Abba would say: "The child's trying so hard. The staff should have more patience. They should be more considerate. He's doing his best. "

"But the teachers claim that his efforts and abilities are incompatible," Ima replied, wiping away her tears as if they were tiny grains of food or ants which would fall off and sink into the earth if she tried hard enough to wipe them away.

"They claim," Abba protested.. "But we also claim, and Shomayim claims. It demands that every Jewish child receive a good chinuch."

Ima's handkerchief was often moist and her eyes were often red.

"Why, Ima?" Shaya once asked her.

"Because I am davening, dear."

Ima never had to explain. Even when her words confused Shaya they managed, in a mysterious way, to explain the situation nonetheless.

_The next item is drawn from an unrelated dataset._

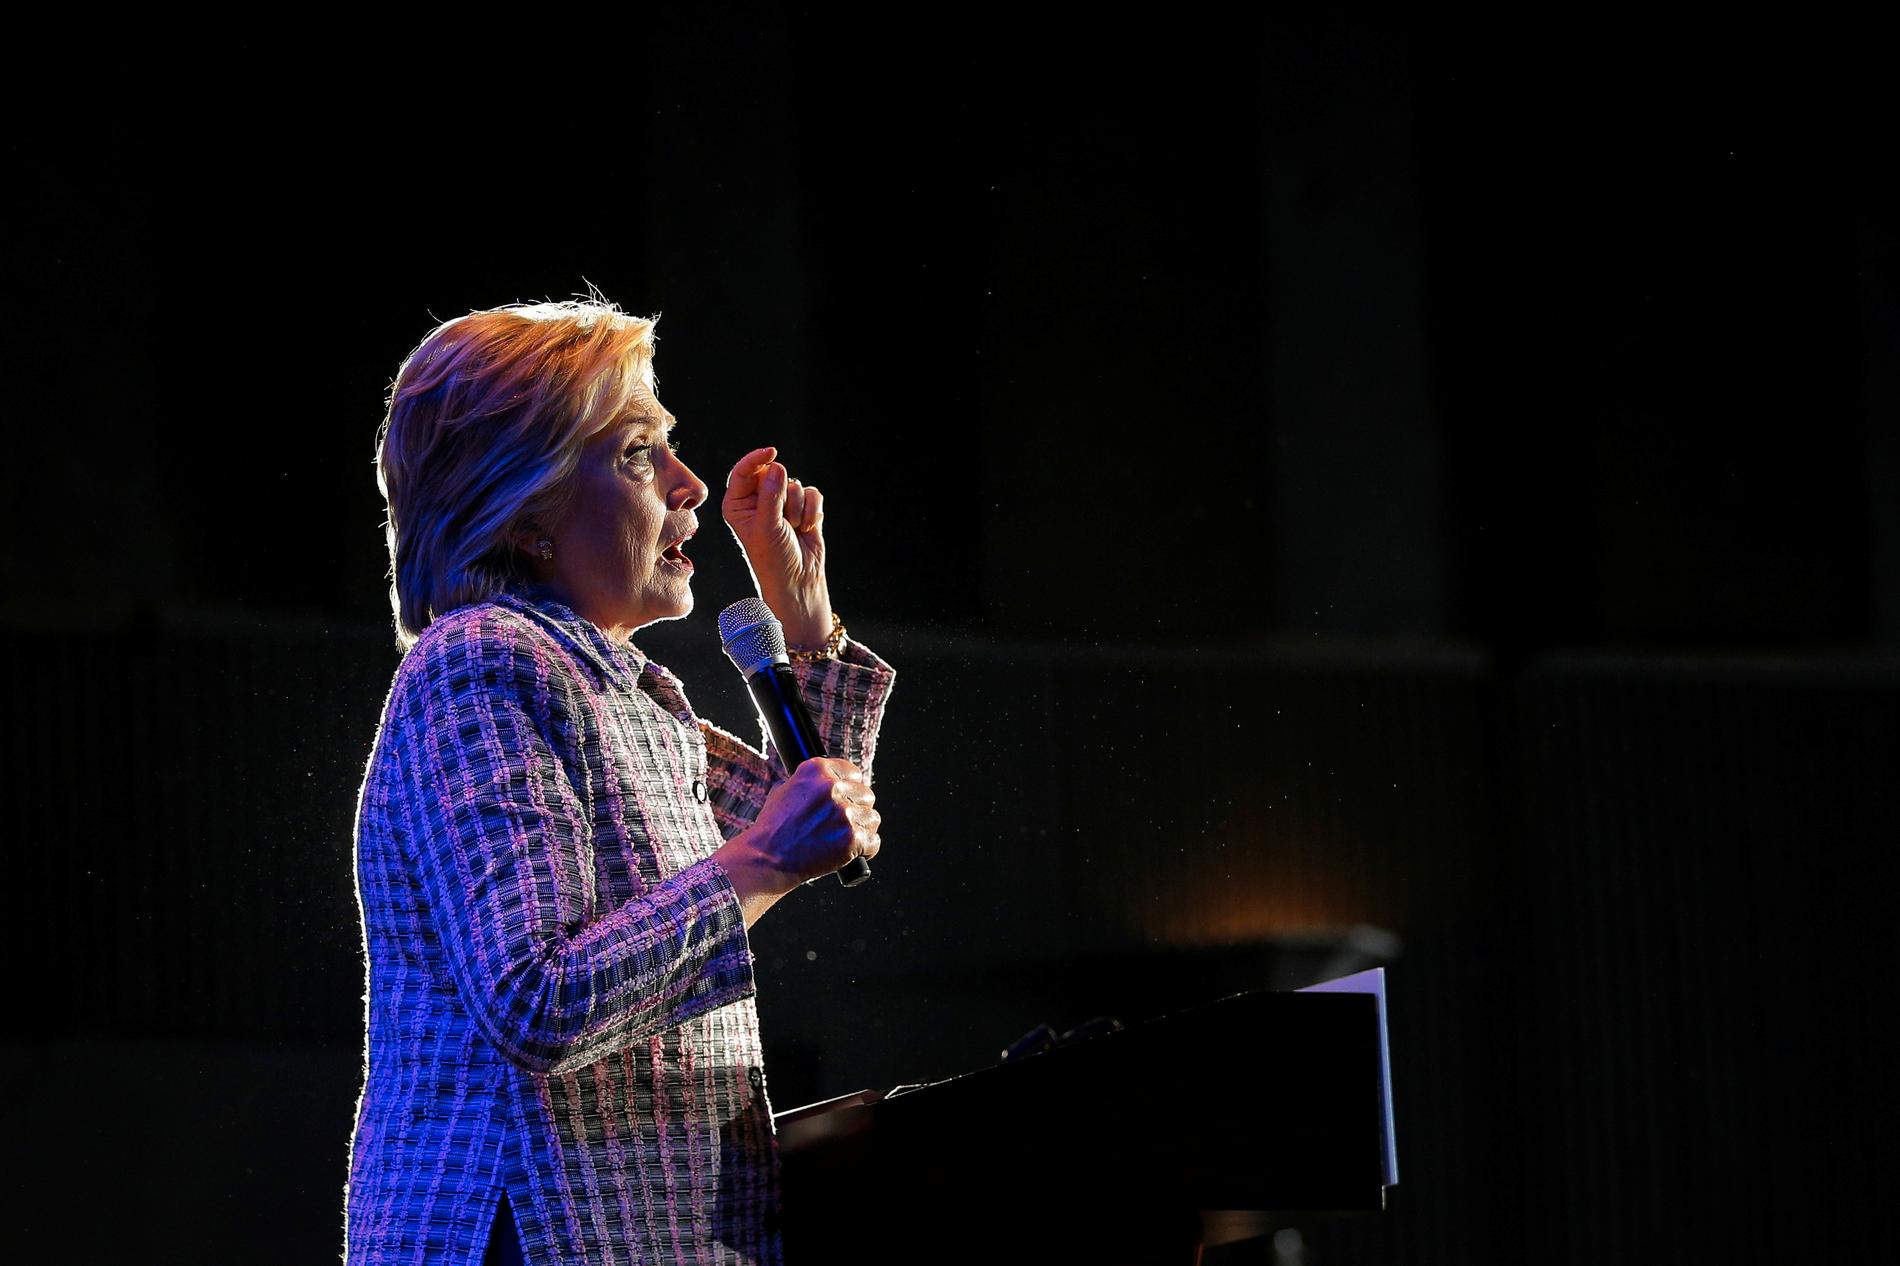 Inför Demokraternas konvent säger Hillary Clinton att hon haft det tufft genom hela valrörelsen. ”Folk anklagar gärna mig på ett beklagligt vis”, sa hon till CBS.

"Why, Ima?" he asked again.

"Because I want you to become a talmid chochom," she replied.

"A talmid?" he asked with a furrowed brow. "I don't like being a talmid."

"A talmid chochom," she said as she hugged him. "A talmid chochom and a tzaddik who studies Torah and causes nachas to Hakodosh Boruch Hu."

At such times he forgot all about the ants.

"Torah?" he said then with intense concentration, as he drew the hazy concepts from the pits of his mind. "I study Torah in school."

He had a new Chumash in his classroom. It was large and square, with beautiful black lettering. It was covered by a smooth book jacket which was pleasant to touch.

"That jacket is supposed to keep the Chumash clean," Abba explained after he had finished covering it for Shaya.

Already in first grade the teacher had asked the pupils to place their Chumashim in their personal cubbies. "You don't have to carry your Chumash to school every day," the teacher explained. "It's big and heavy and your shoulders are narrow and delicate. Leave the Chumash here in class and at home you can review what we learned from Abba's Chumash."

Over the years, these cubbies filled with more seforim: a volume of Mishna, a Kitzur Shulchan Oruch, Novi, and even a gemora. All the children kept these seforim in the classroom. Like everyone else, Sruly also left his in school and at home he would search for copies of them in Abba's bookshelf, or in the Otzar Haseforim of the shul. "Let's study together, Abba," he would then say.

Shaya also liked to study with Abba. But Shaya always took his seforim from his briefcase. He insisted on carrying them home every single day and then back to school the next morning.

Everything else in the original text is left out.